§ Exercise brief:
Output word for word the lines from the one with "Hotel am Badersee - Getting Here" to the final line of the data, both ends included, but skip the pictures.

§ Dataset excerpt:
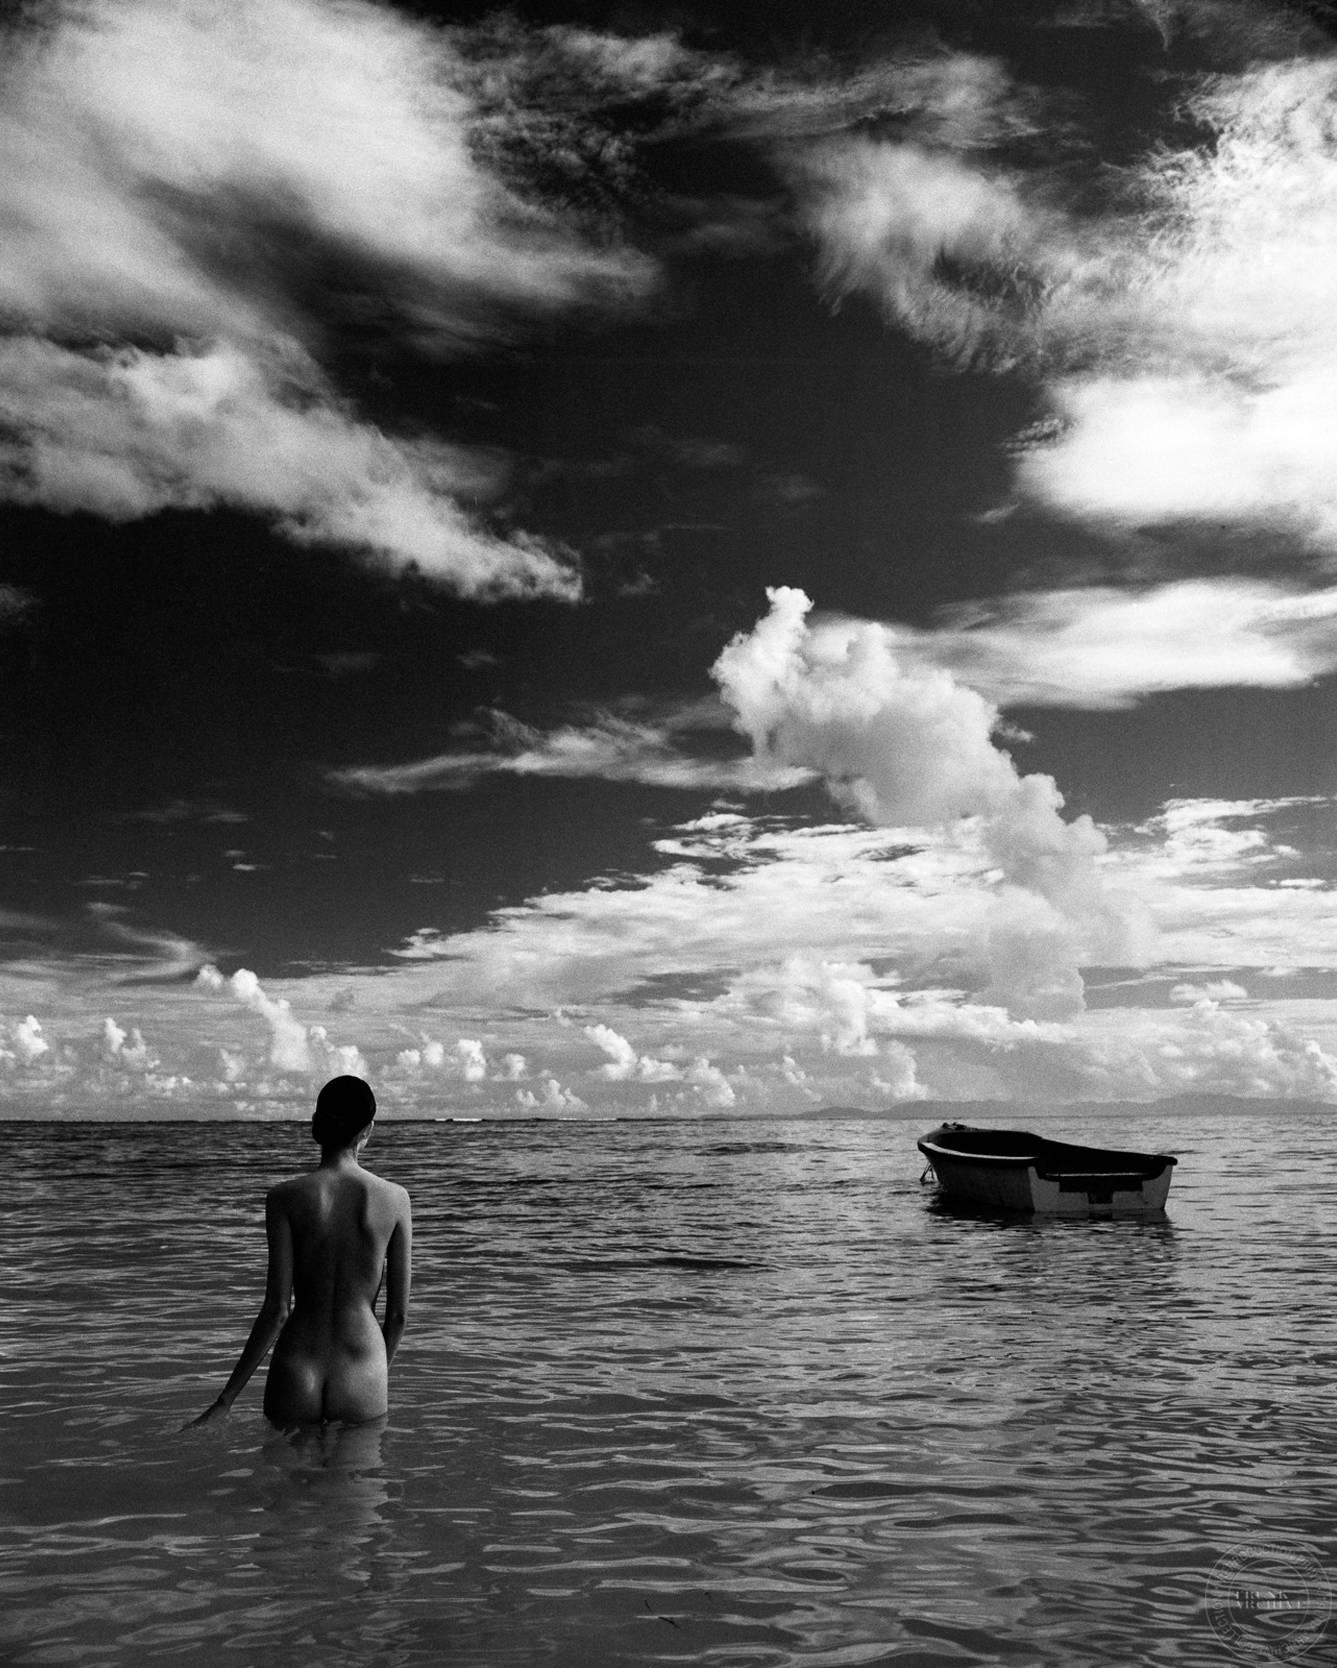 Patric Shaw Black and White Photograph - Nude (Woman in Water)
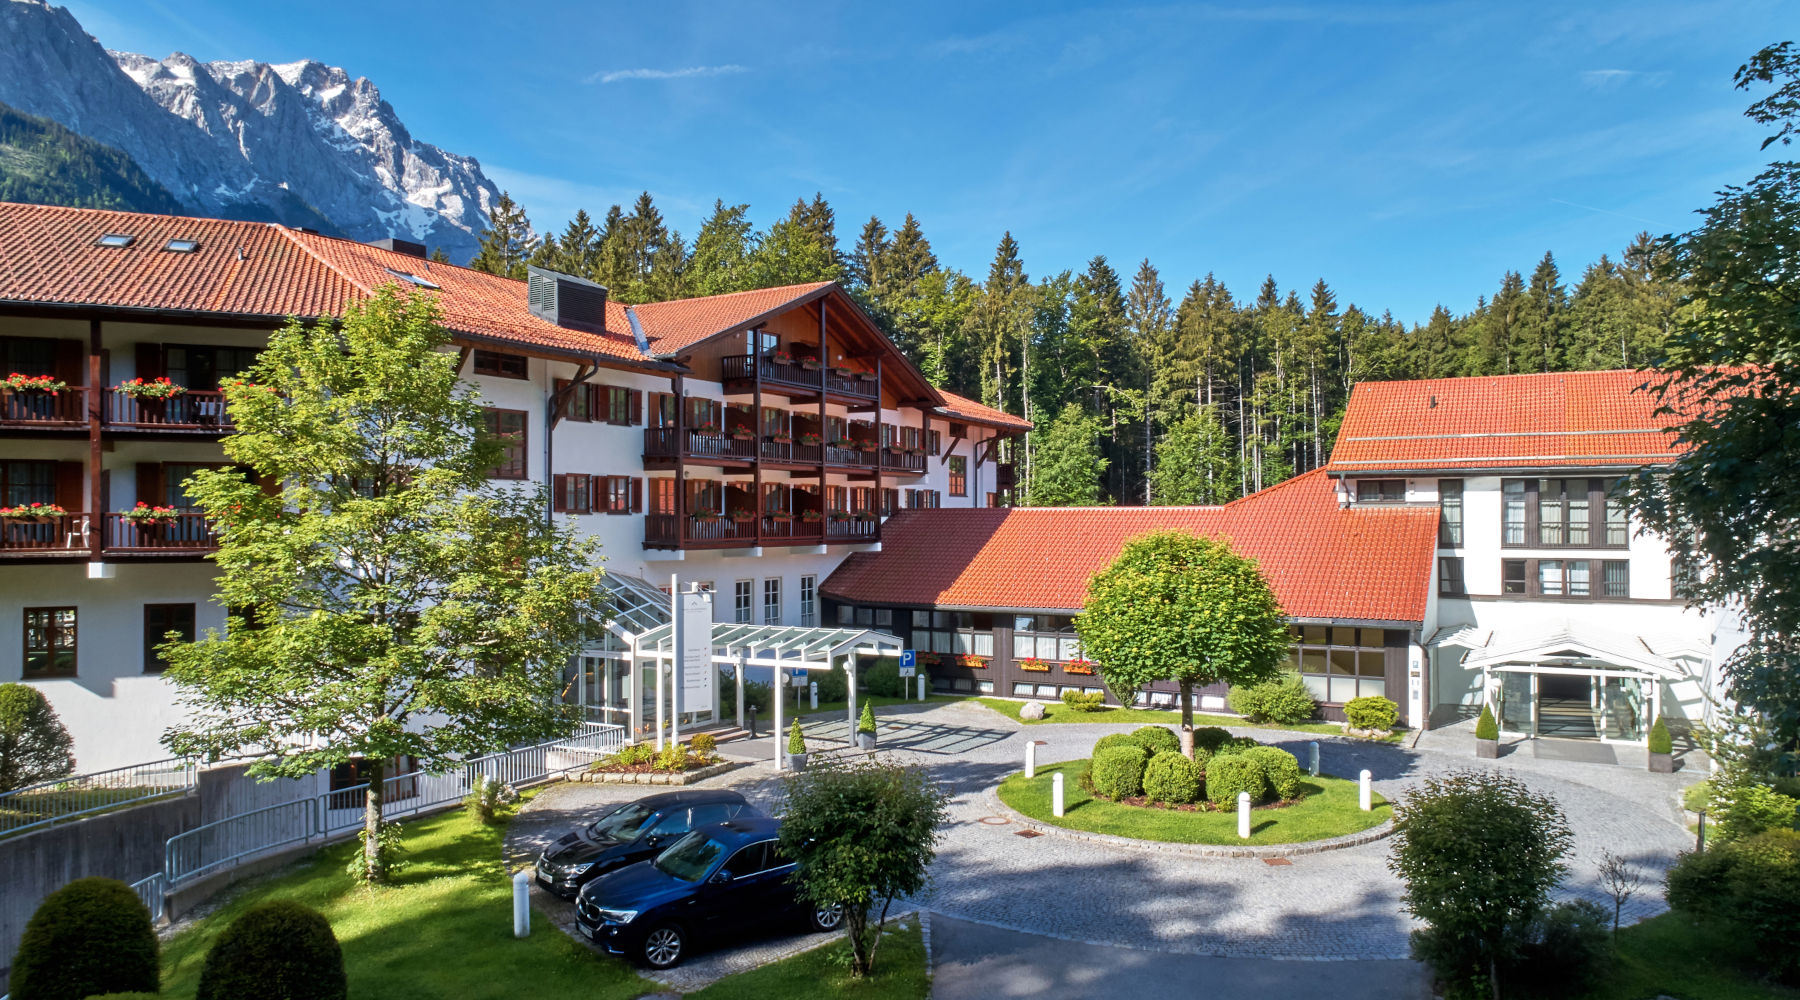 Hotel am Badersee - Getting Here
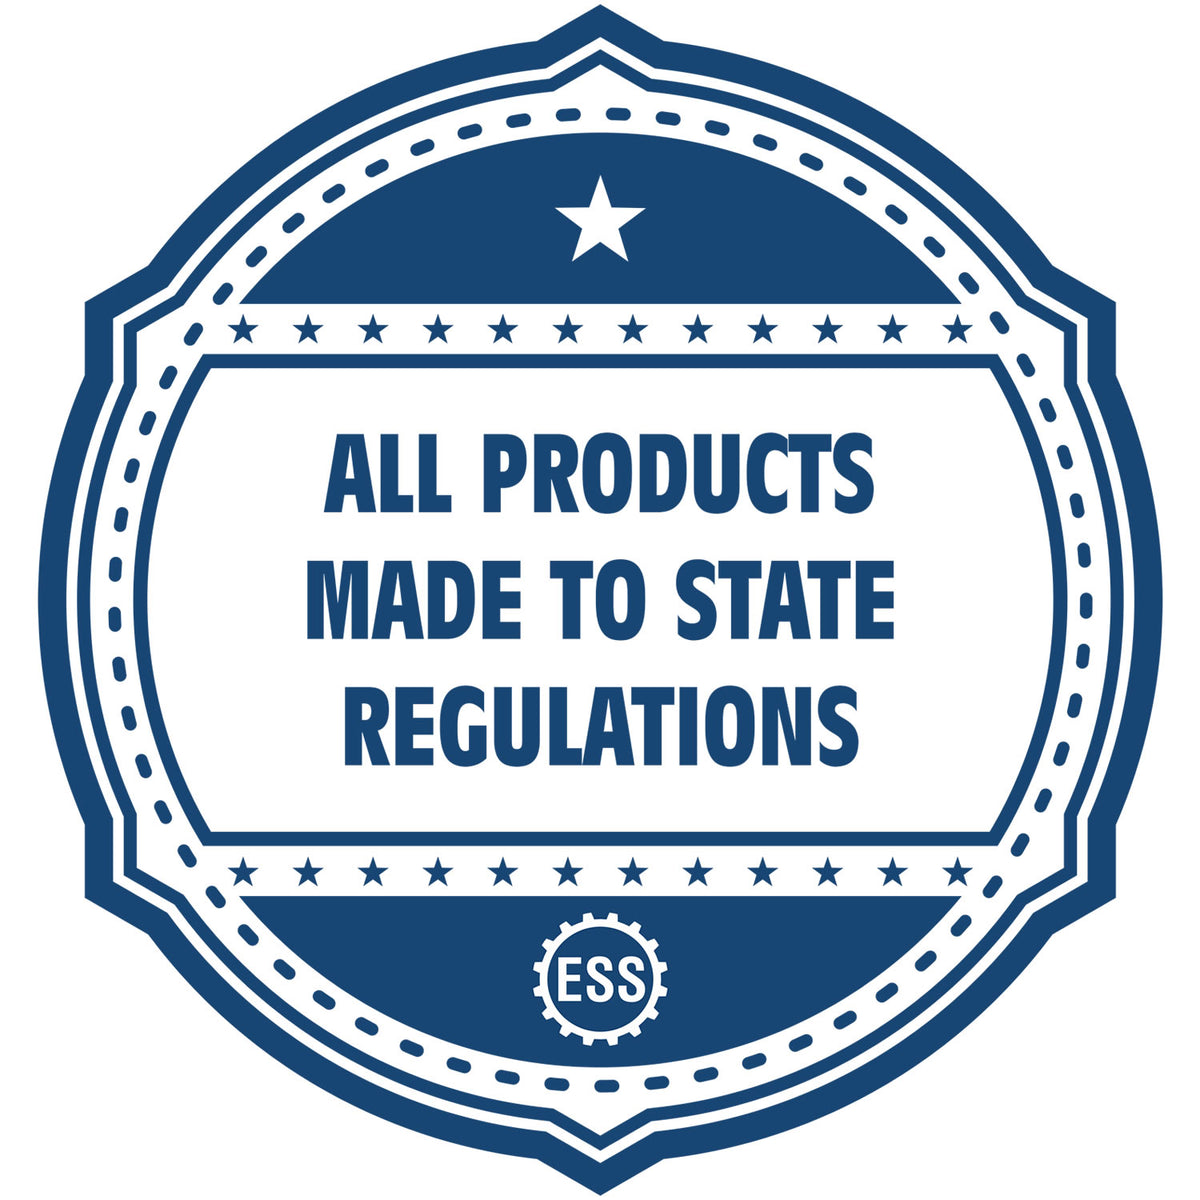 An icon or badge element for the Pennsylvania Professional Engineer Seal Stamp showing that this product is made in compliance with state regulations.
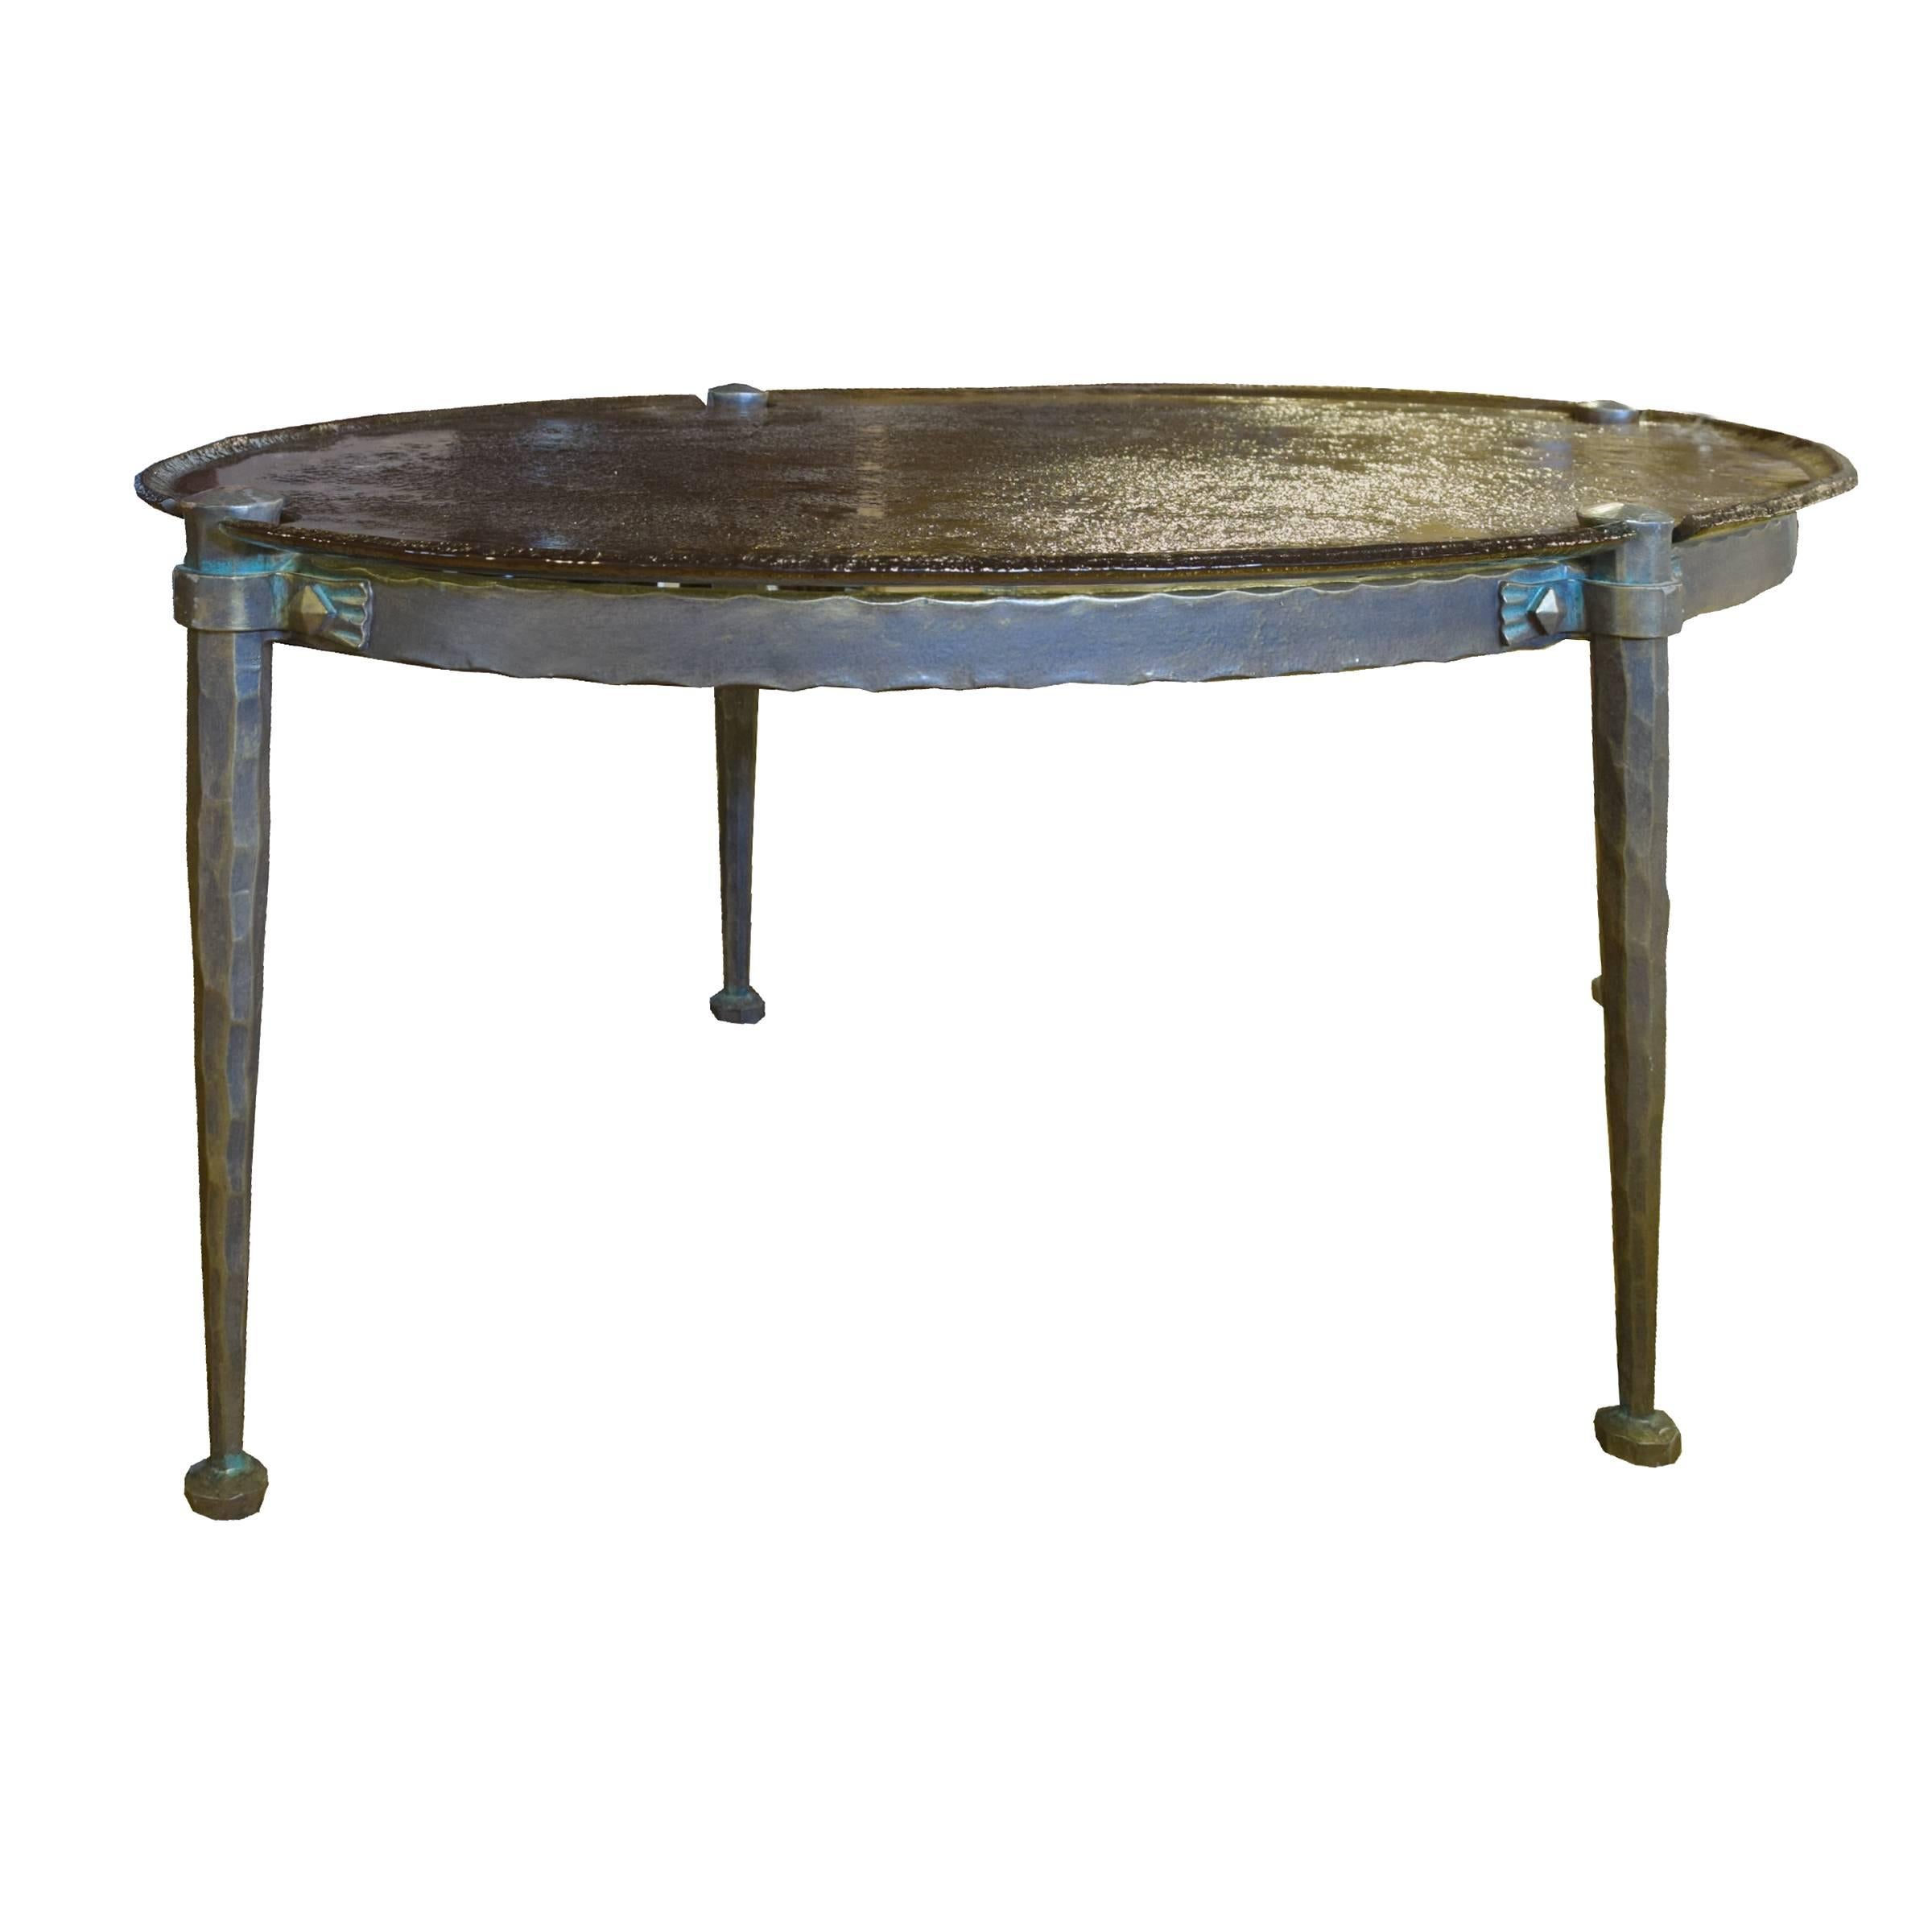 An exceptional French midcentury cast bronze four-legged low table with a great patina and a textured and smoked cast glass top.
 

§ Answer to this task:
 Hotel am Badersee - Getting Here
 An icon or badge element for the Pennsylvania Professional Engineer Seal Stamp showing that this product is made in compliance with state regulations.
 An exceptional French midcentury cast bronze four-legged low table with a great patina and a textured and smoked cast glass top.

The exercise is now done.